▶ **BRIEF**: Within the entries below, please retype exactly the lines starting with the line that has "how to make gnocchi" and going on through the line that has "2020 used Vauxhall", but not the pictures.

▶ **INPUT FOR THIS TASK**:
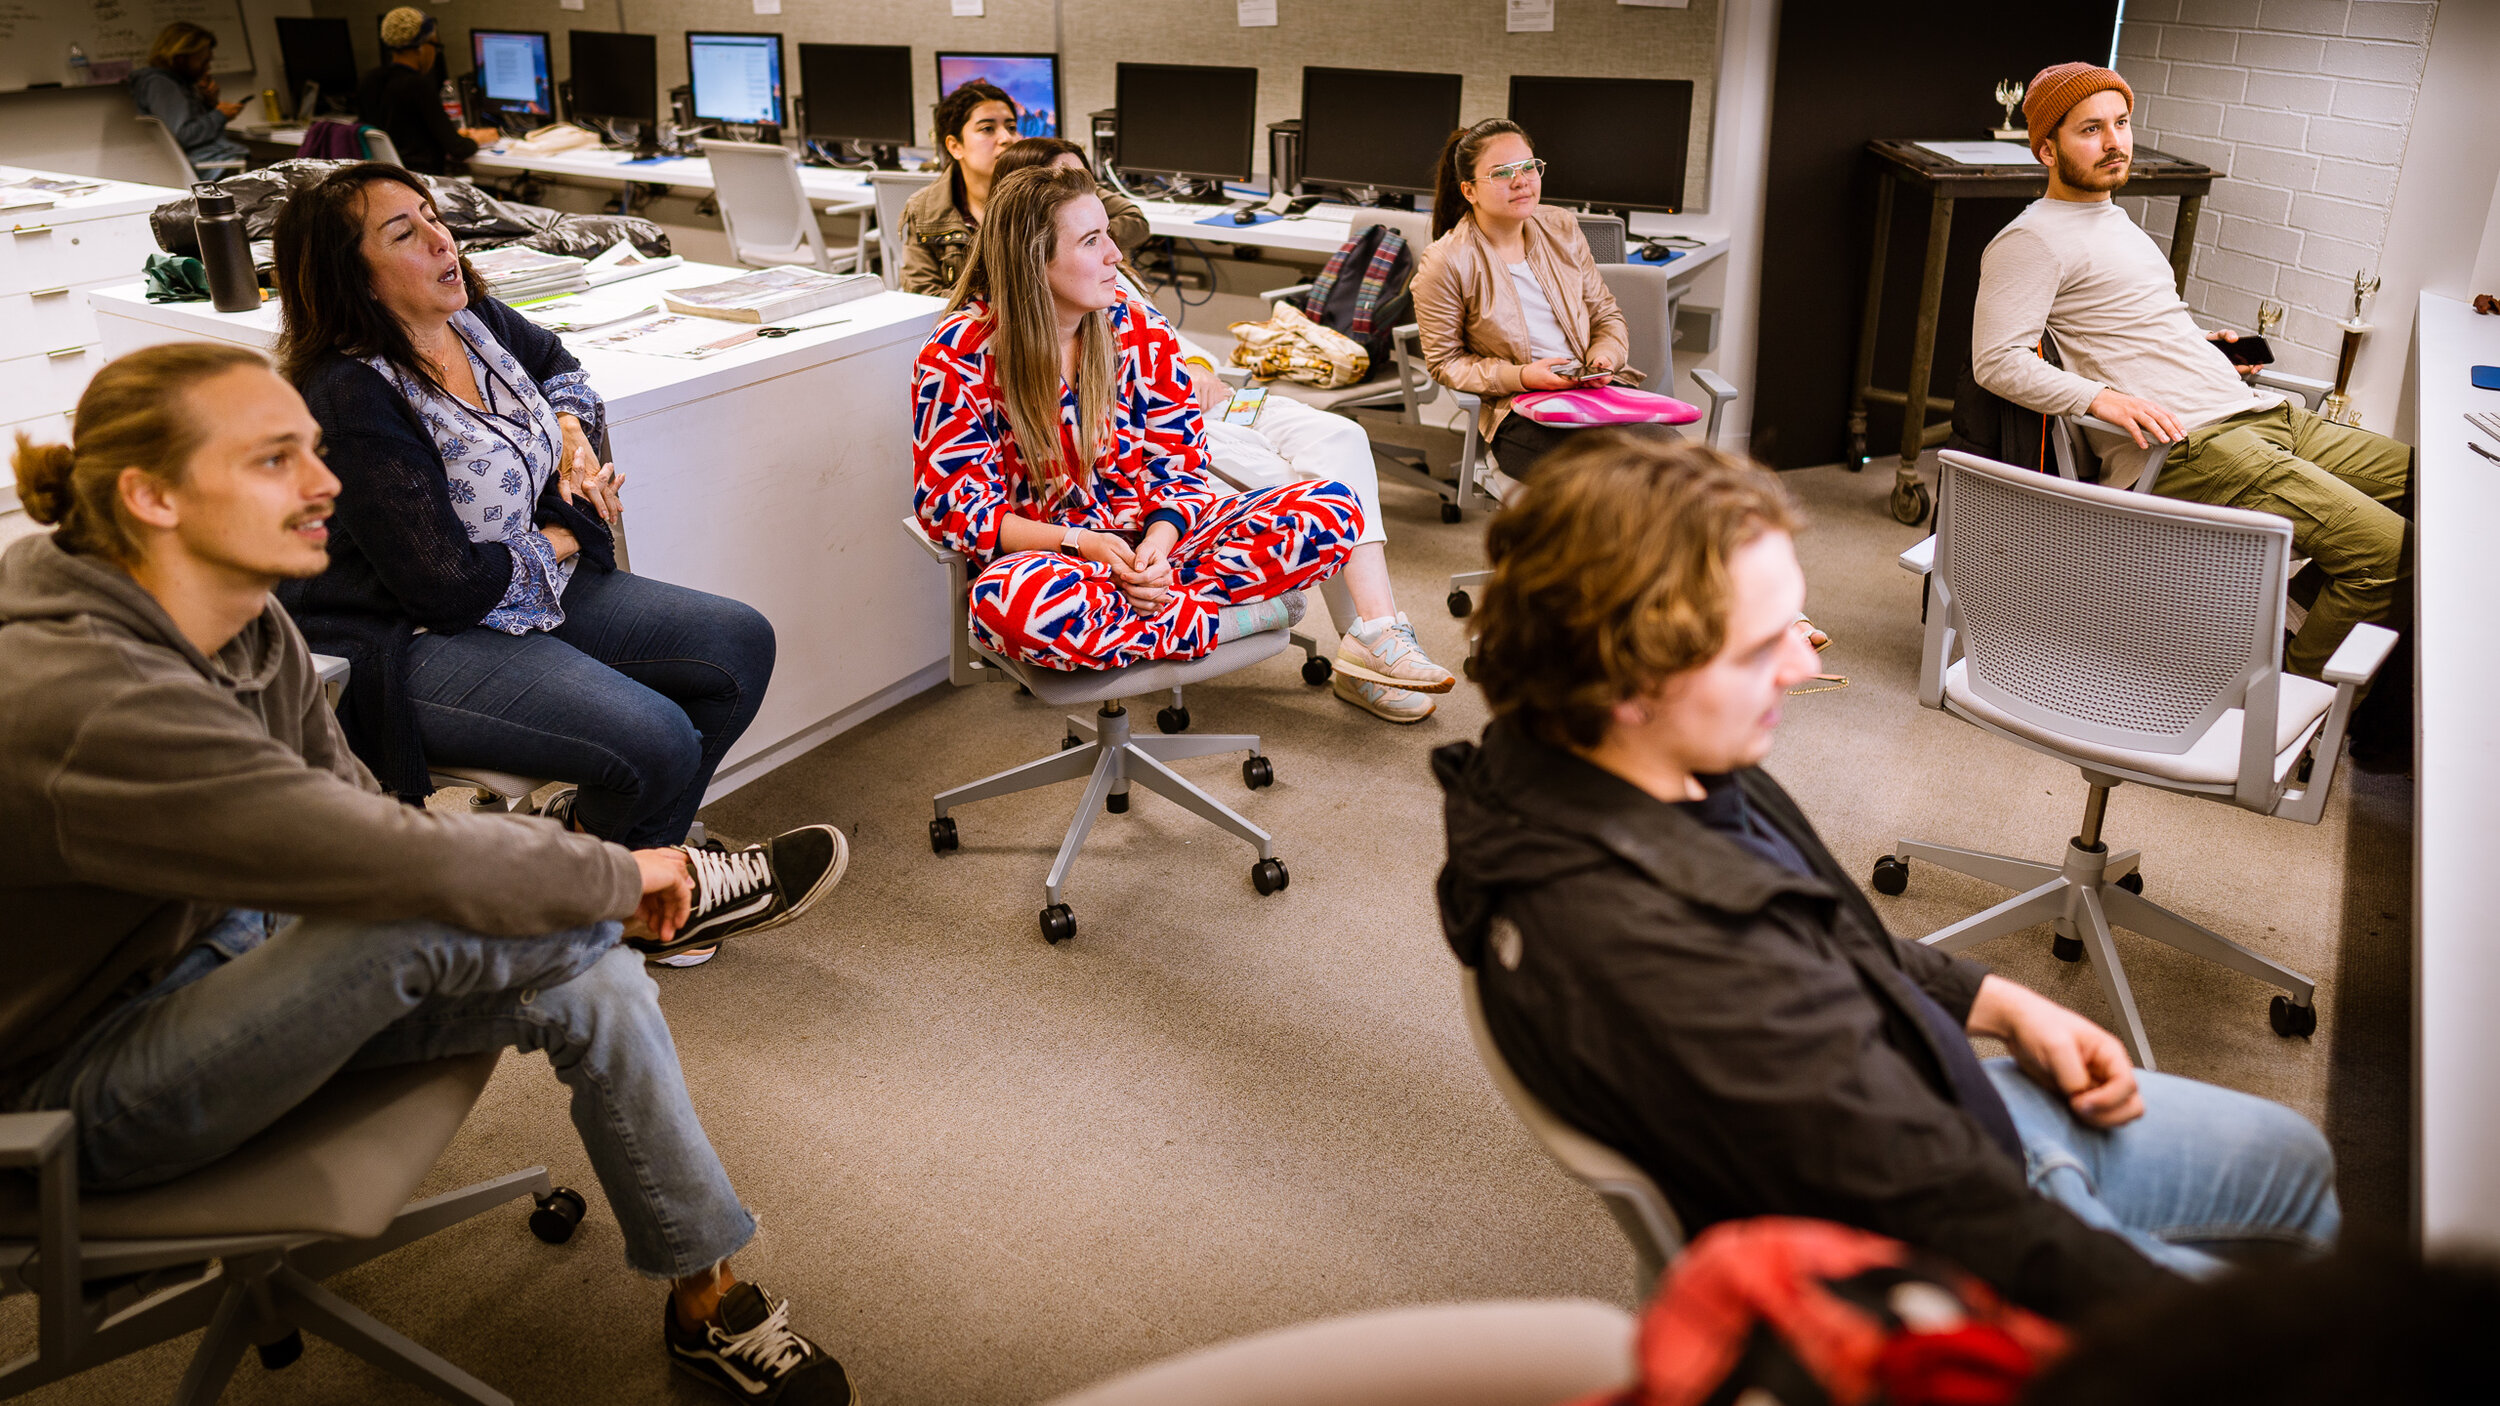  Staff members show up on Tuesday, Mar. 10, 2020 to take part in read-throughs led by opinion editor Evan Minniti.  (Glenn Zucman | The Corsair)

--

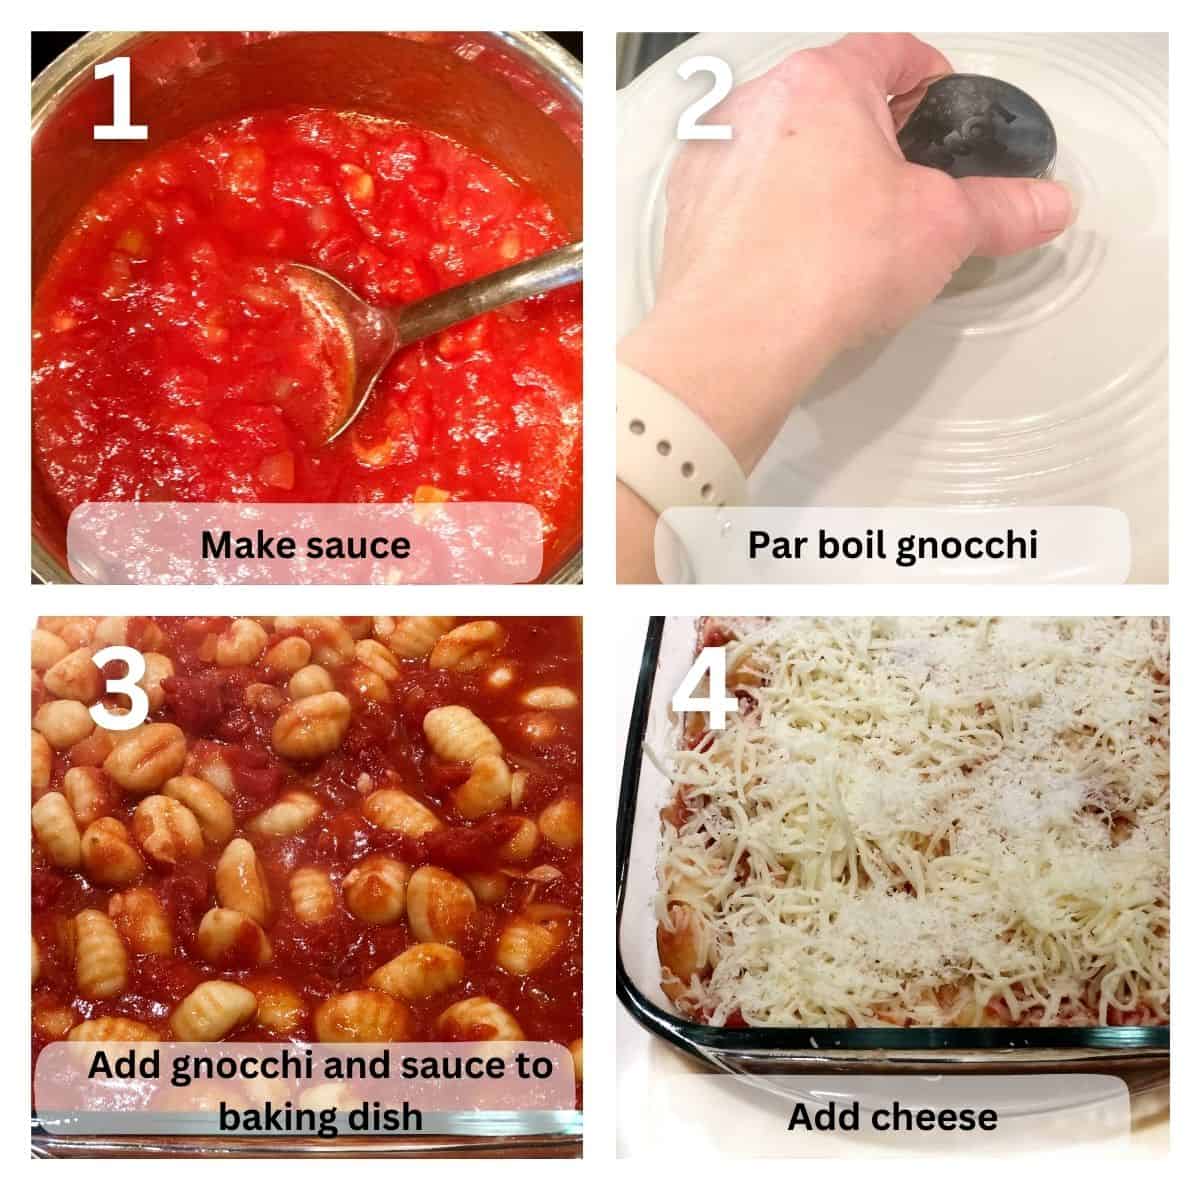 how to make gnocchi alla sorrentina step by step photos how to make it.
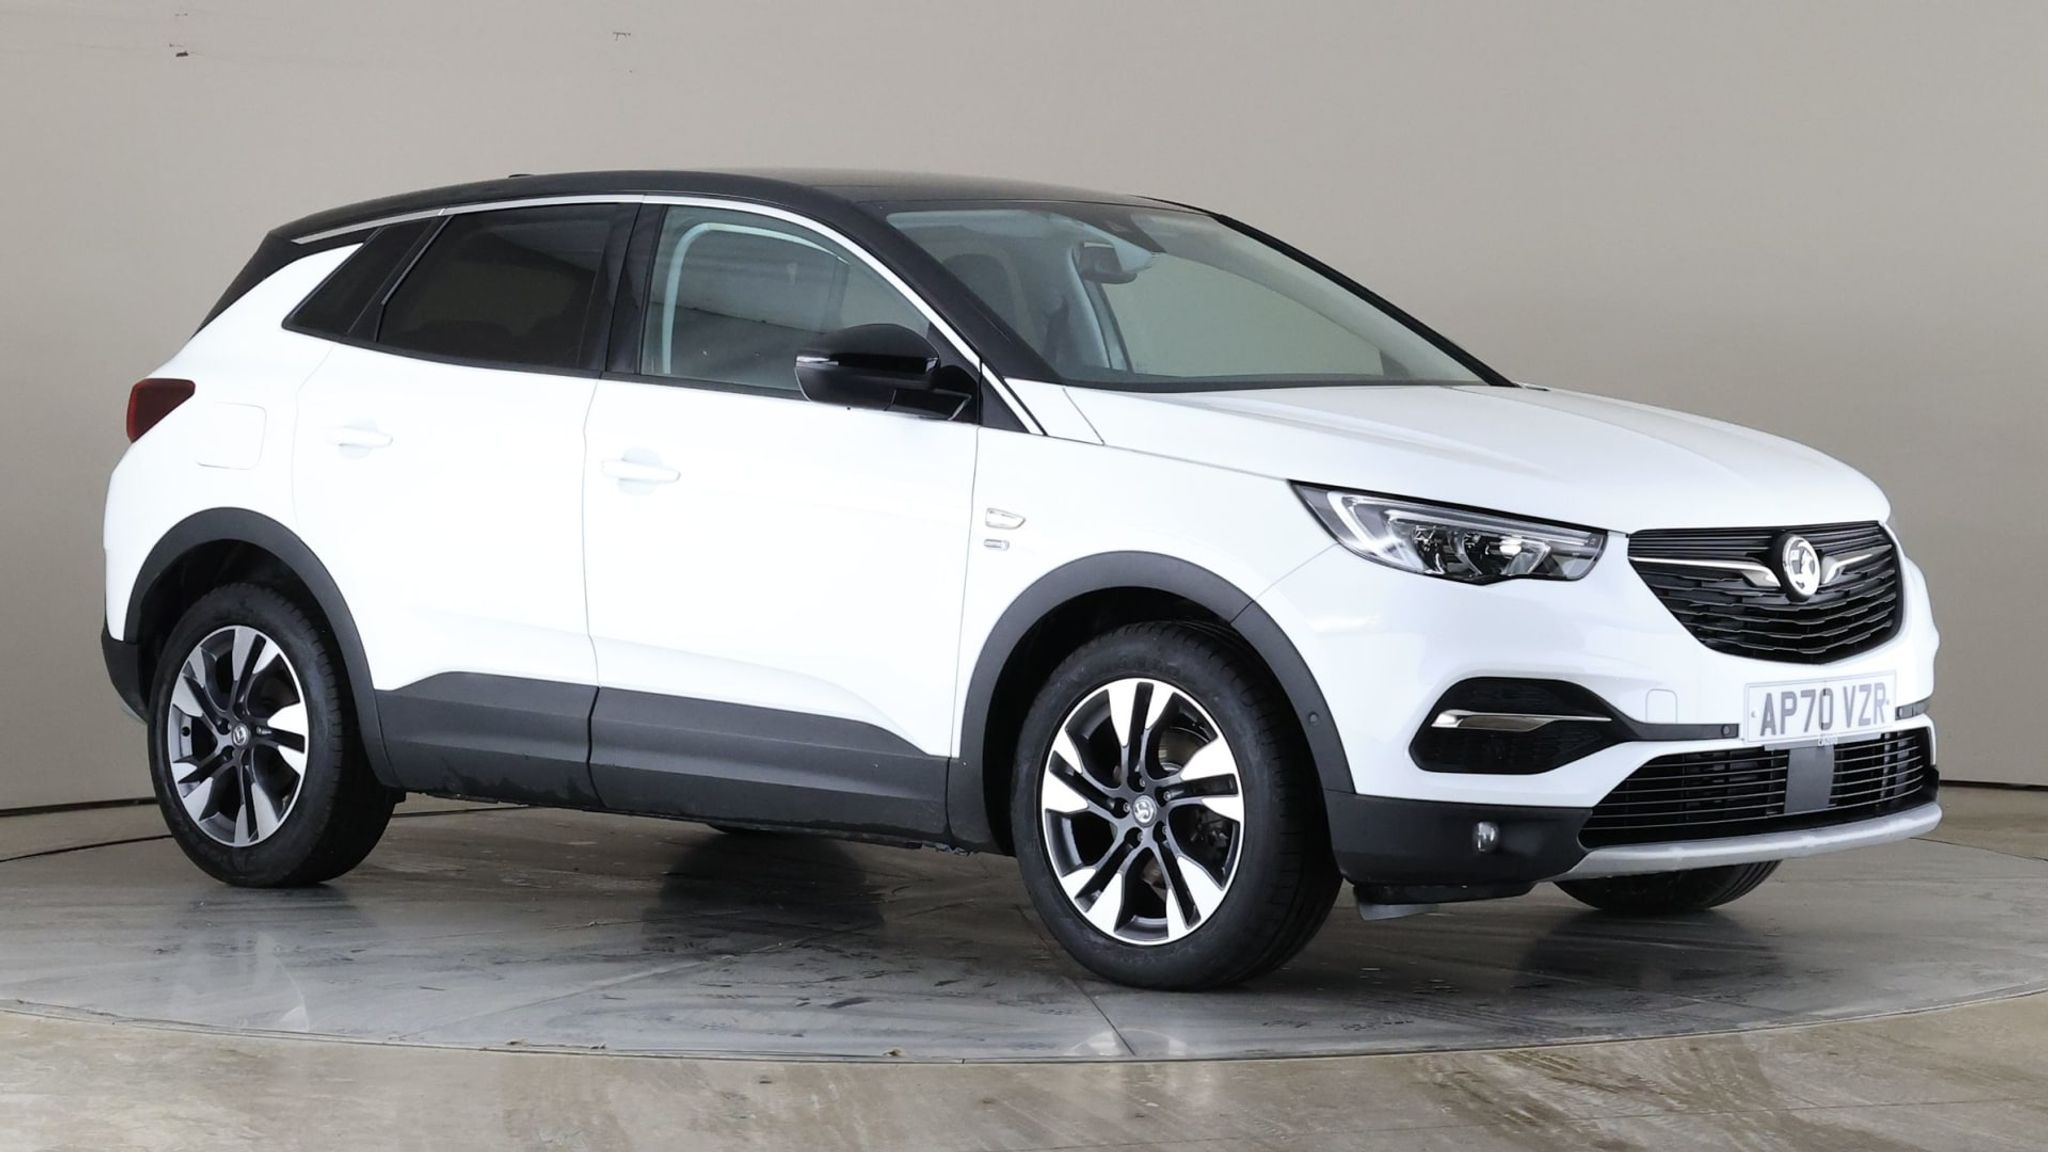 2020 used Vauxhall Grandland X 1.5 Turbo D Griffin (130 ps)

▶ **ANSWER TO THIS EXERCISE**:
 how to make gnocchi alla sorrentina step by step photos how to make it.
 2020 used Vauxhall Grandland X 1.5 Turbo D Griffin (130 ps)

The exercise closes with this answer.